Strong growth in the UAE economy and rising rents in neighbouring Dubai have boosted demand for residential and commercial property in Sharjah, according to a report by international real estate consultancy Cluttons. The report stated that average residential rental costs climbed by 4.5 per cent during the first quarter, leaving them 19 per cent higher than this time last year, further building on a 3.4 per cent increase in the last quarter of 2013.
“The strong growth in villa rates has been catalysed by rising demand for villa communities, particularly along the Sharjah Airport/Maliha Road corridor,” said Steve Morgan, Cluttons Middle East chief executive. “This is being fuelled by a rising population, which in turn is being driven by the emirate’s expanding aviation sector, a growing number of international schools and the proximity to Sharjah International Airport.”
Sharjah International Airport has registered strong growth, with passenger traffic increasing by 8 percent during the first three months of this year compared with Q1 2013. Meanwhile, Sharjah’s economy continues to drive demand for property.

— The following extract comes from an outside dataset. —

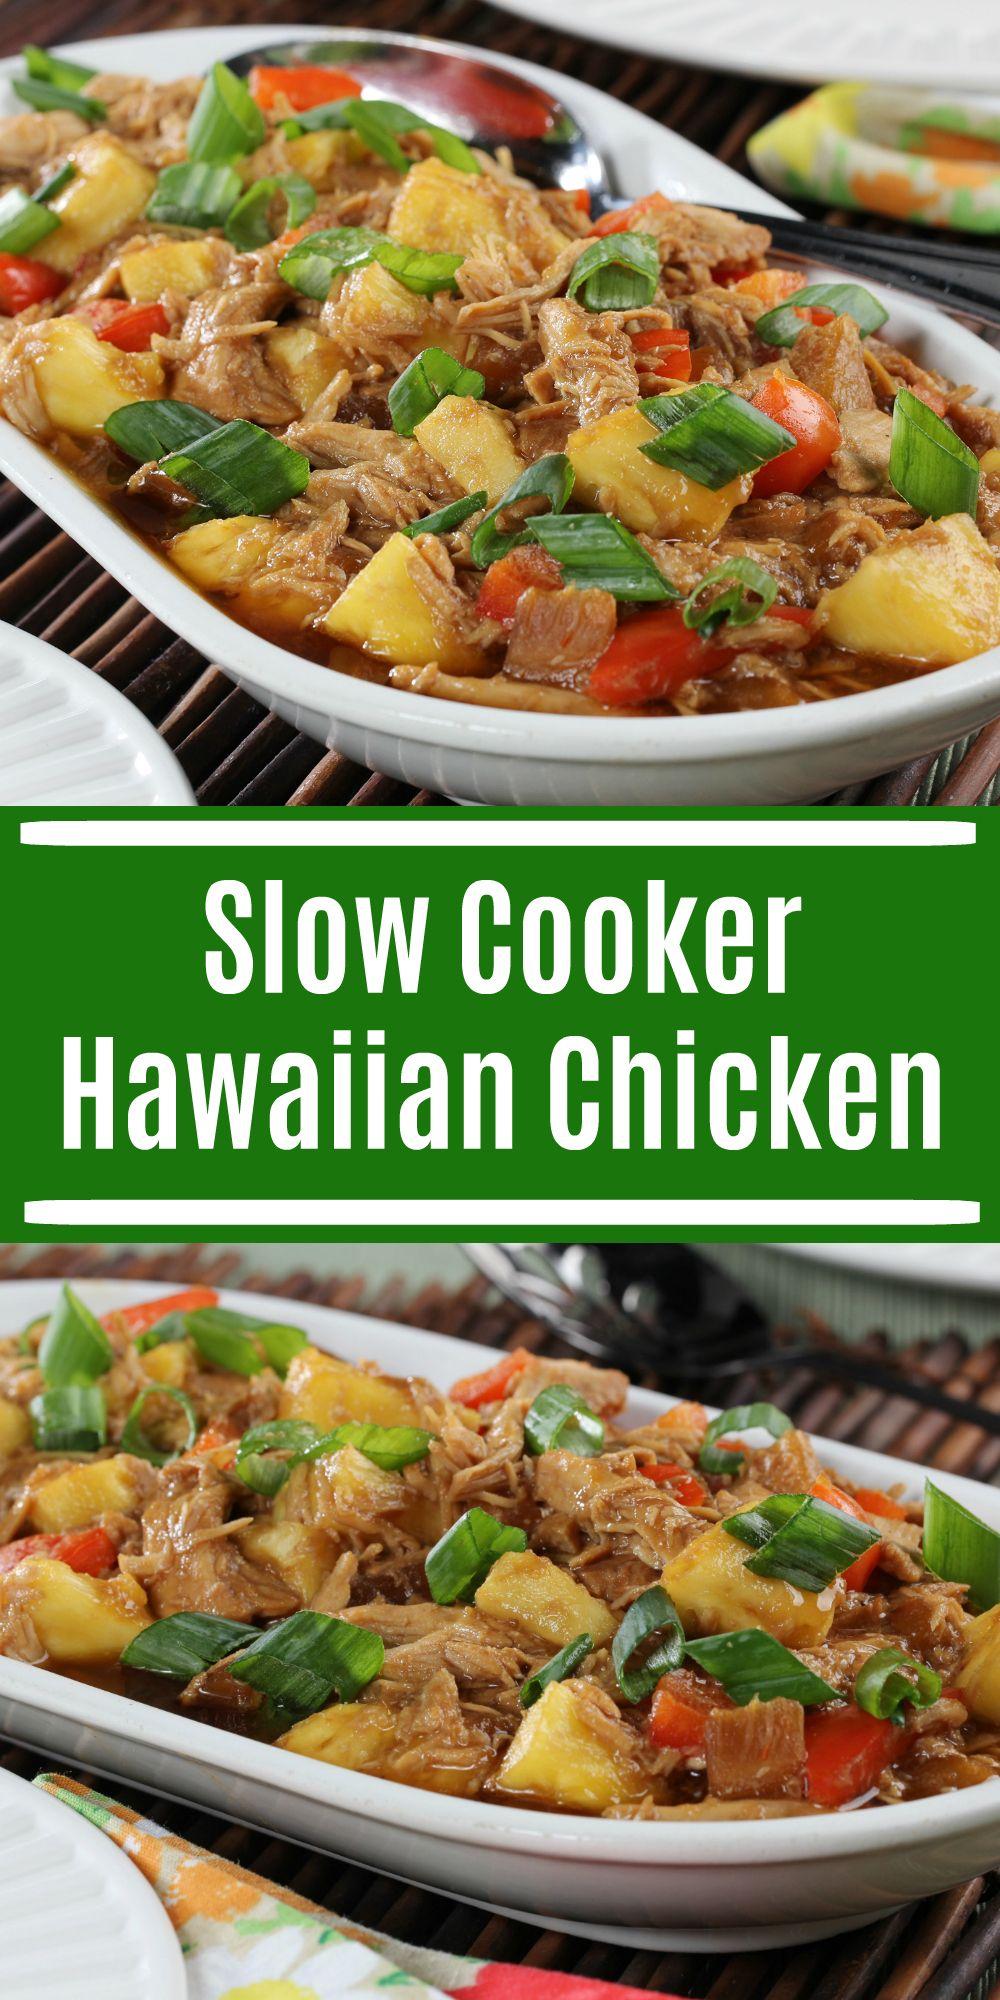 Slow Cooker Hawaiian Chicken Recipe Everyday Diabetic Recipes

The emirate awarded $2.4 billion of construction projects during 2013 and is expected to award up to AED 11 billion (US$3 billion) of projects by the end of 2014. S&P recently announced Sharjah’s first ever sovereign credit rating as ‘A/A-1′ with a Stable Outlook, underscoring the solid fundamentals of the emirate’s economy.

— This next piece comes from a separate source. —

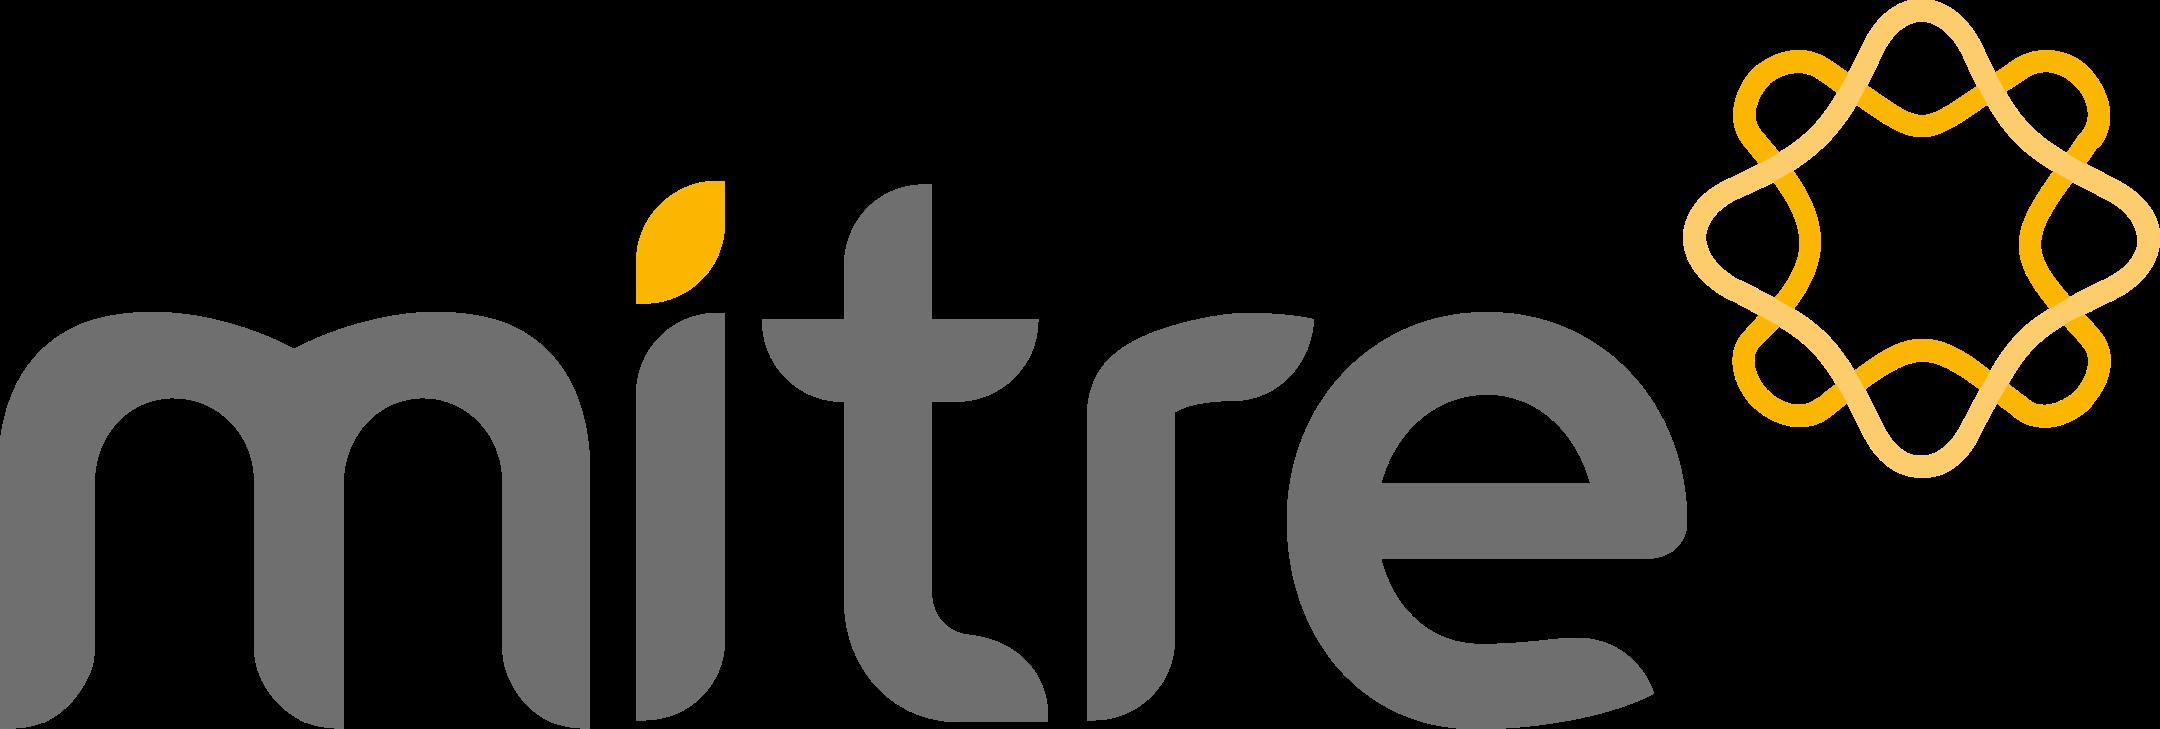 mitre logo 1 - Mitre Realty Logo

“Developers are also keen to capitalise on this strong demand and we are recording a substantial rise in the number of feasibility studies requested for master planned residential communities in this area,” said Morgan. “Not only does the Maliha Road corridor provide easy access into Dubai, but the mushrooming of these new lifestyle destinations will start to put Sharjah’s residential offerings on par with Dubai and Abu Dhabi, albeit on a smaller scale.”
Cluttons expects levels of real estate activity in both the residential and commercial markets across Sharjah emirate to continue to increase.